Records from a data collection –
* * *
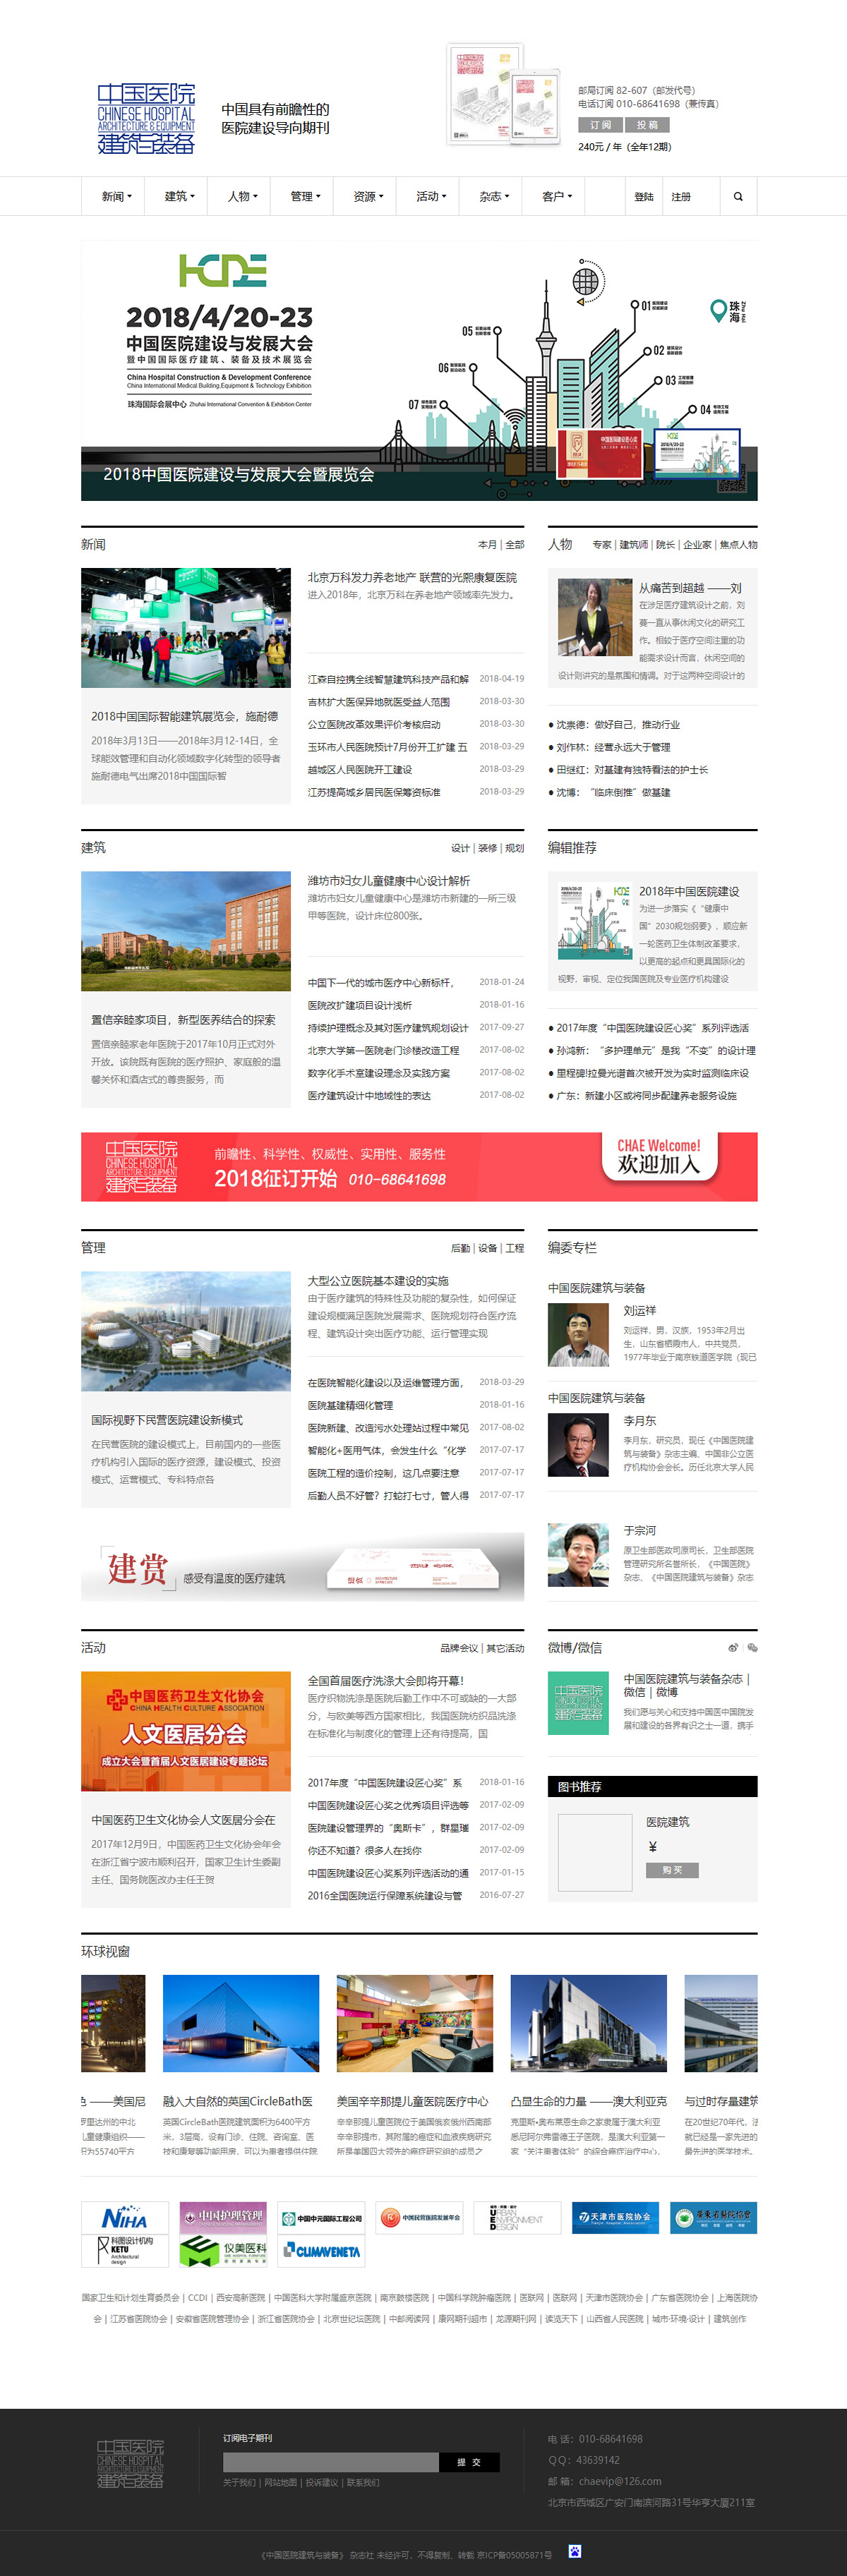 《中国医院建筑与装备》杂志社-首页
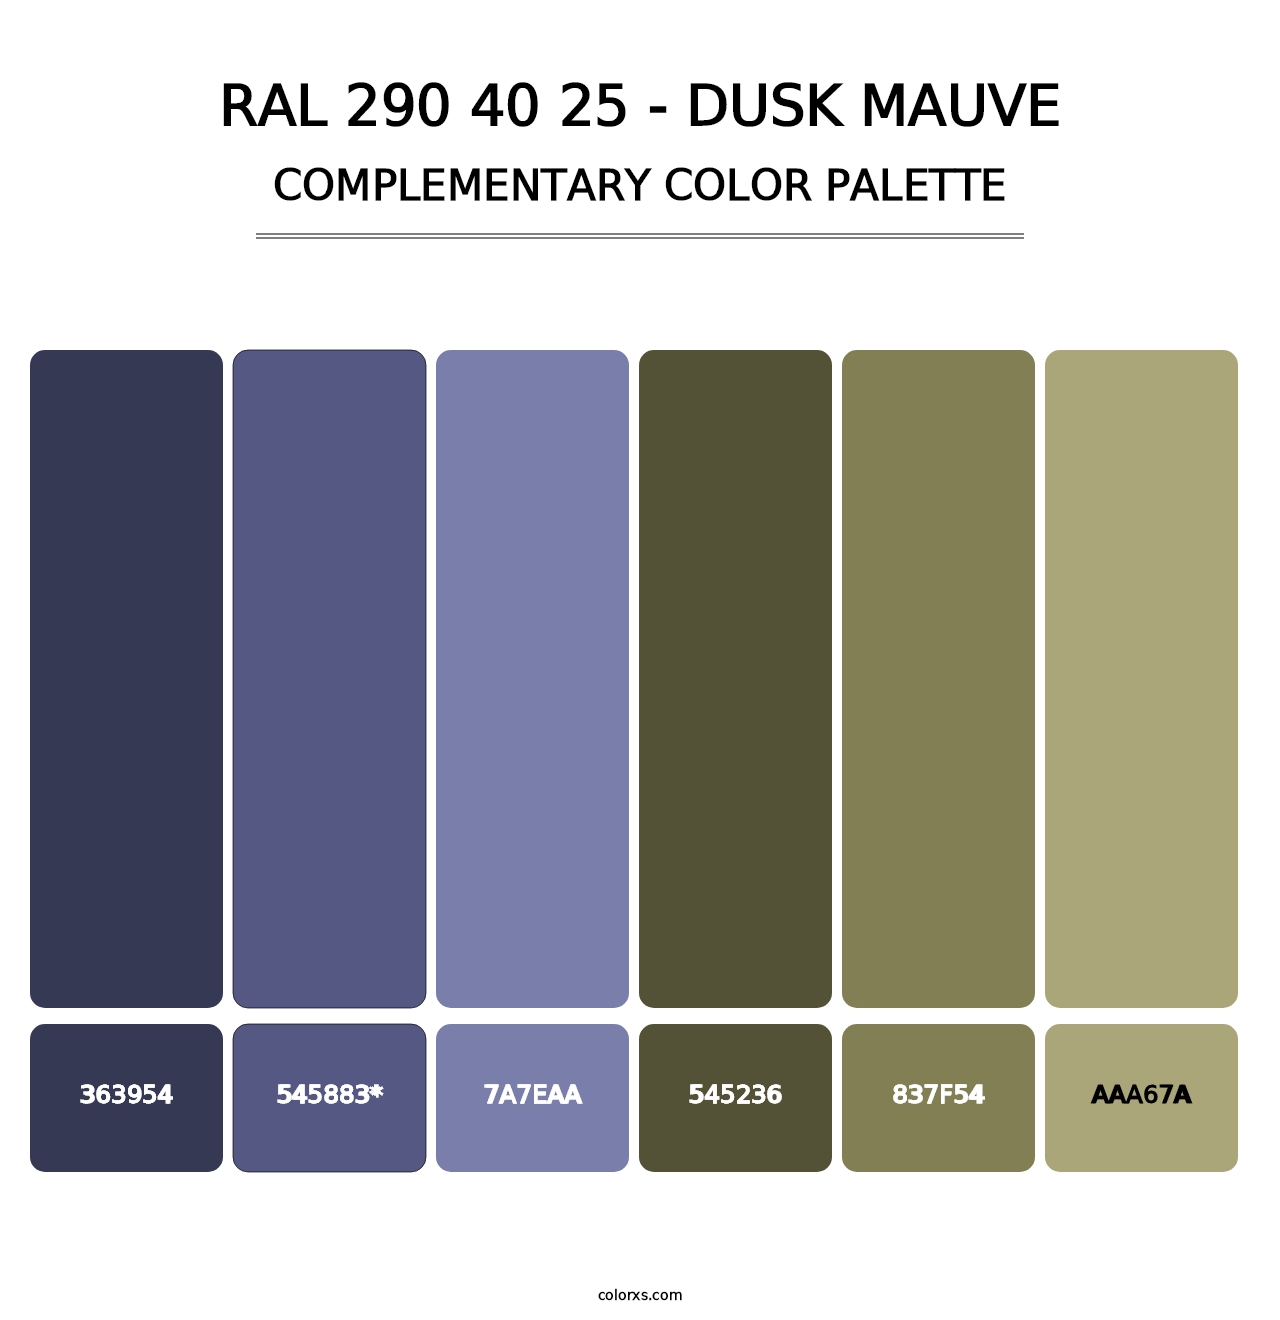 RAL 290 40 25 - Dusk Mauve - Complementary Color Palette
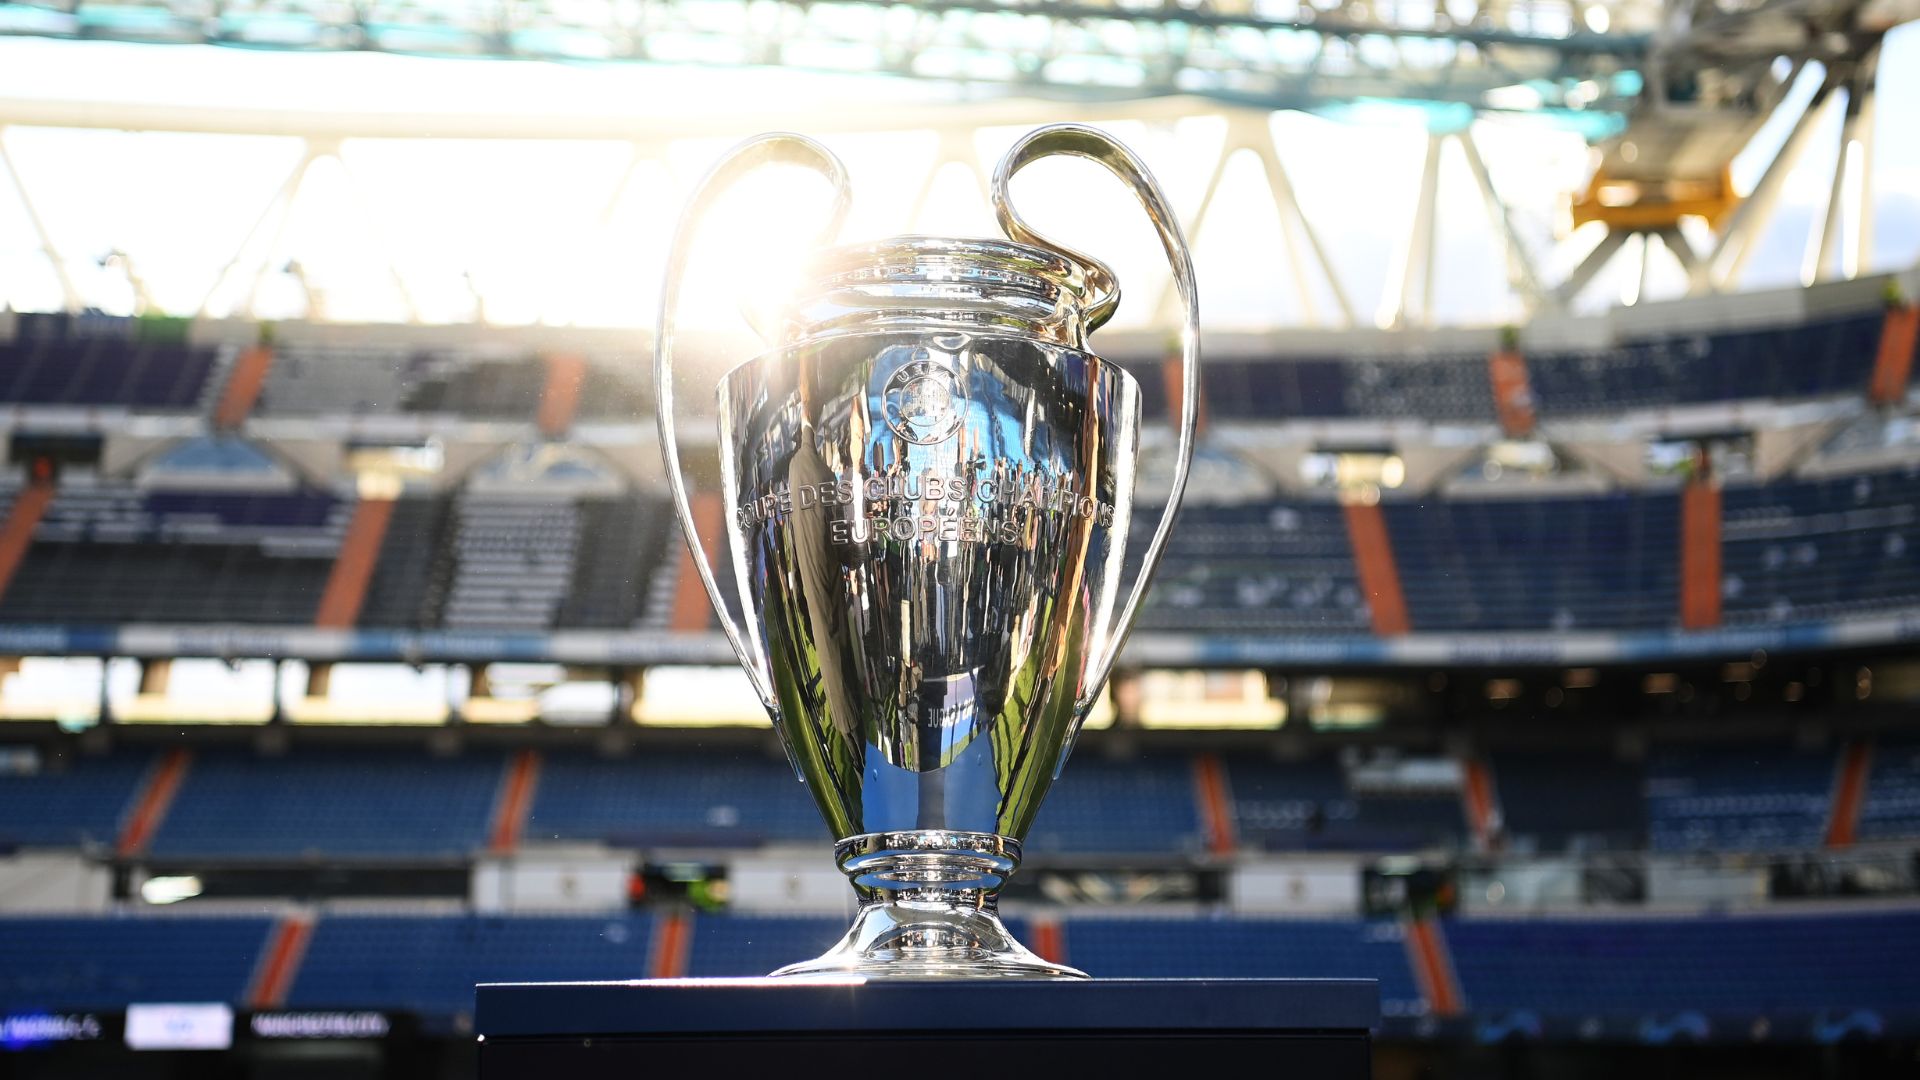 TNT Sports transmite sorteio da fase de grupos da Champions League
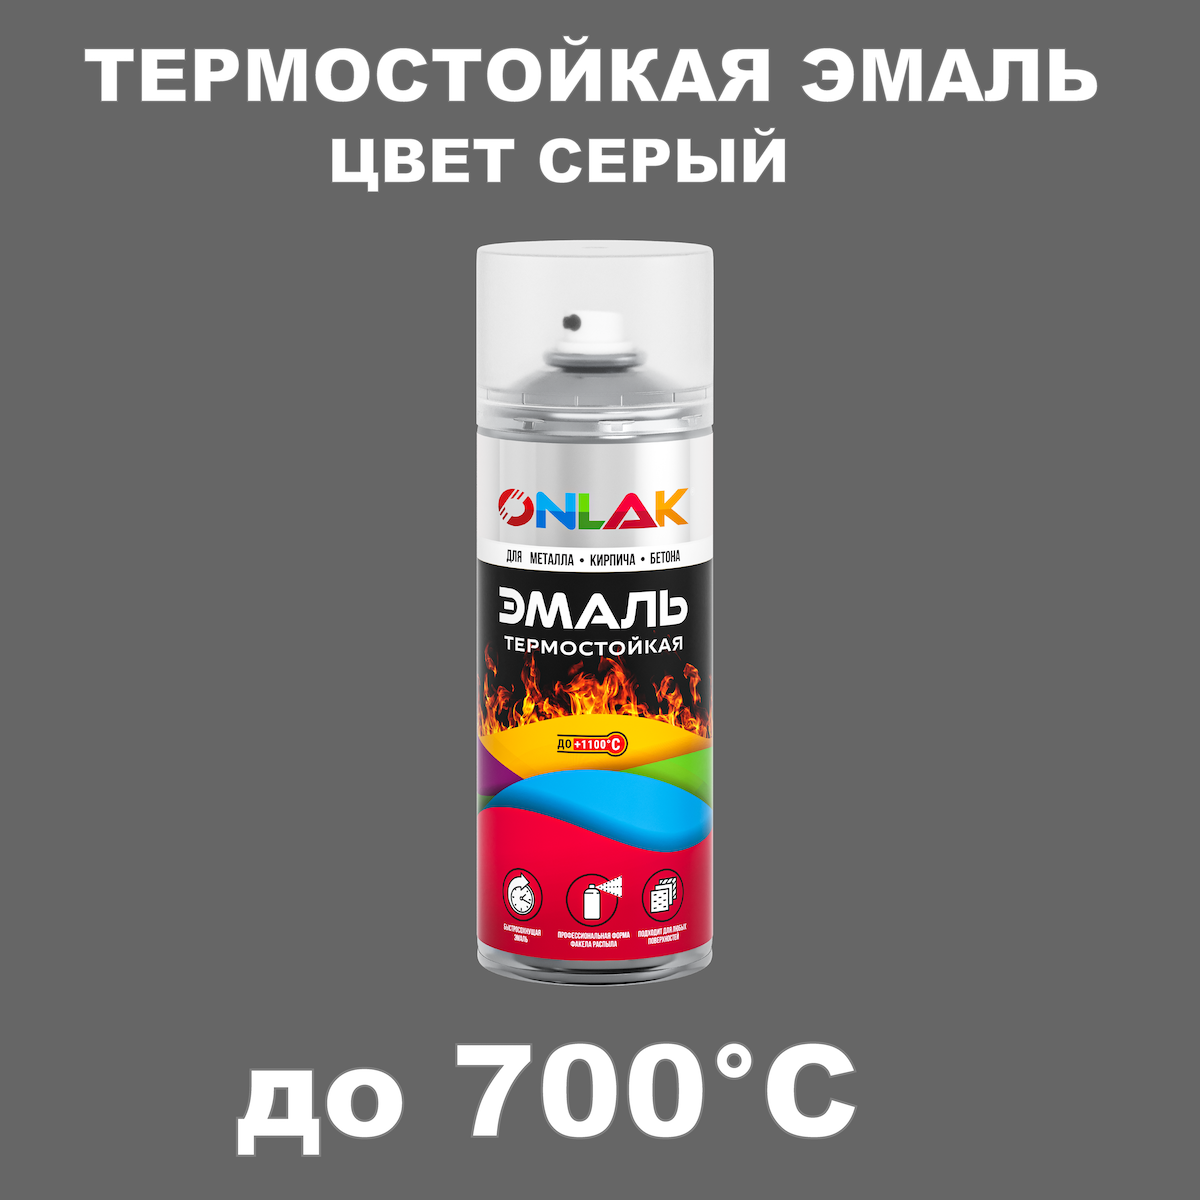 Аэрозольная термостойкая эмаль ONLAK, цвет серый
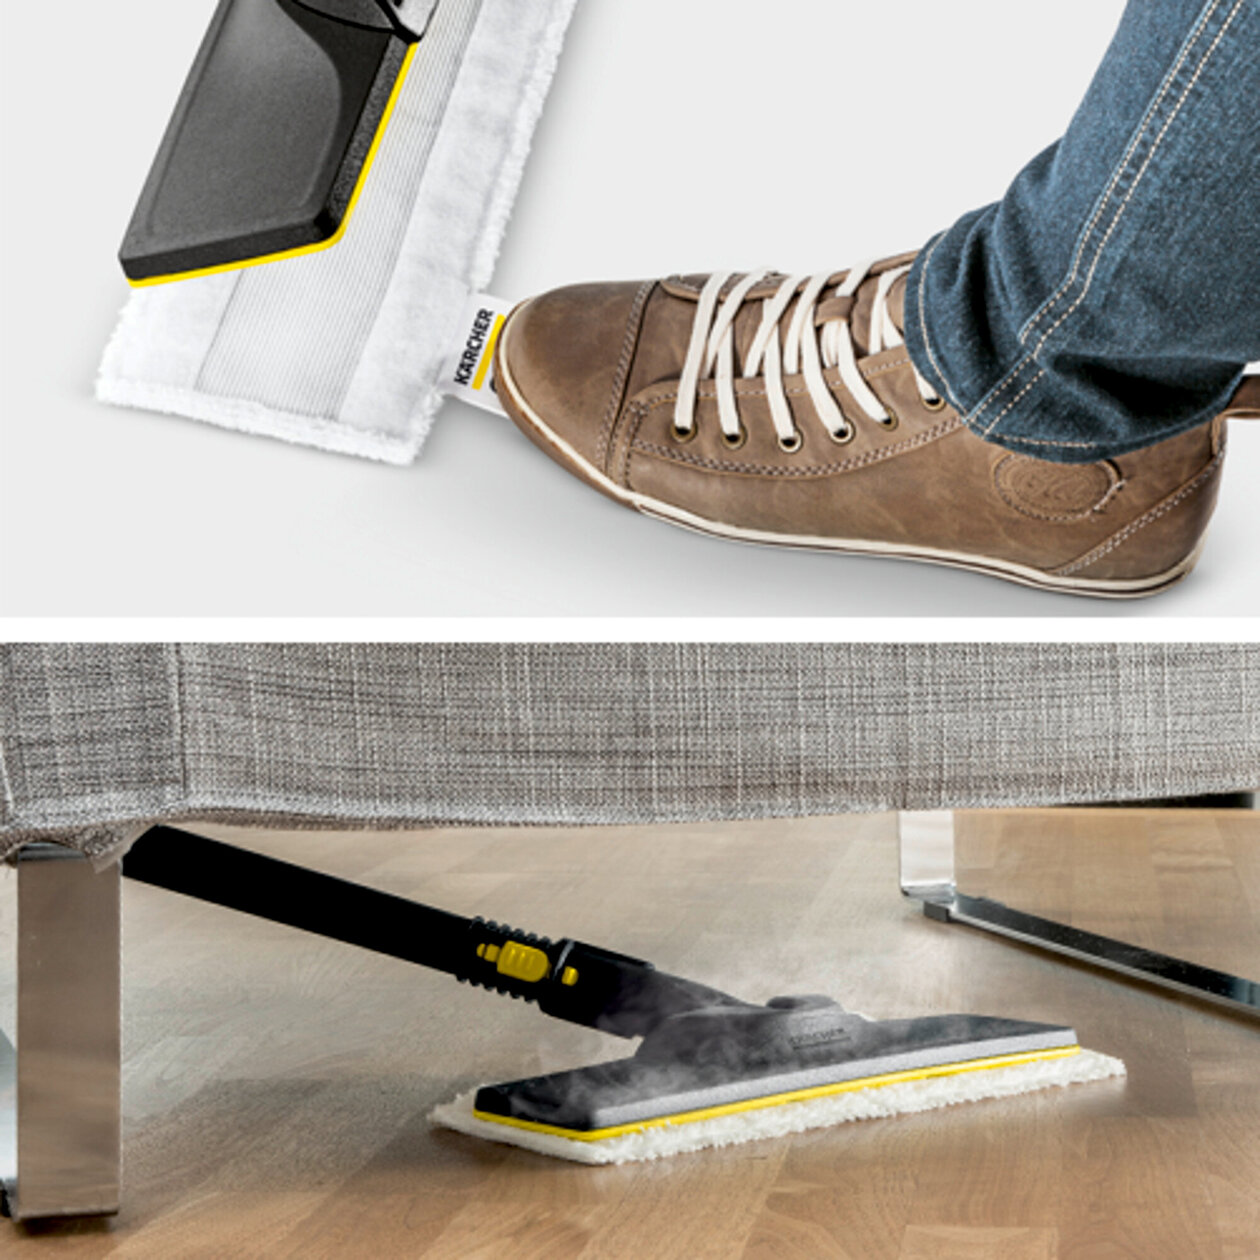  SC 5 EasyFix Iron (yellow) *EU: Súprava na čistenie podlahy EasyFix s flexibilným kĺbom na podlahovej hubici a pohodlným suchým zipsom na upevnenie utierky na podlahu
* * *
TASK TO COMPLETE – Both the first line of the records above and the line containing "Аэрозольная термостойкая эмаль" belong in the copy; please return them and every line between, exactly, minus the pictures.

RESULT FOR THIS TASK –
 《中国医院建筑与装备》杂志社-首页
 RAL 290 40 25 - Dusk Mauve - Complementary Color Palette
 TNT Sports transmite sorteio da fase de grupos da Champions League
 Аэрозольная термостойкая эмаль ONLAK, цвет серый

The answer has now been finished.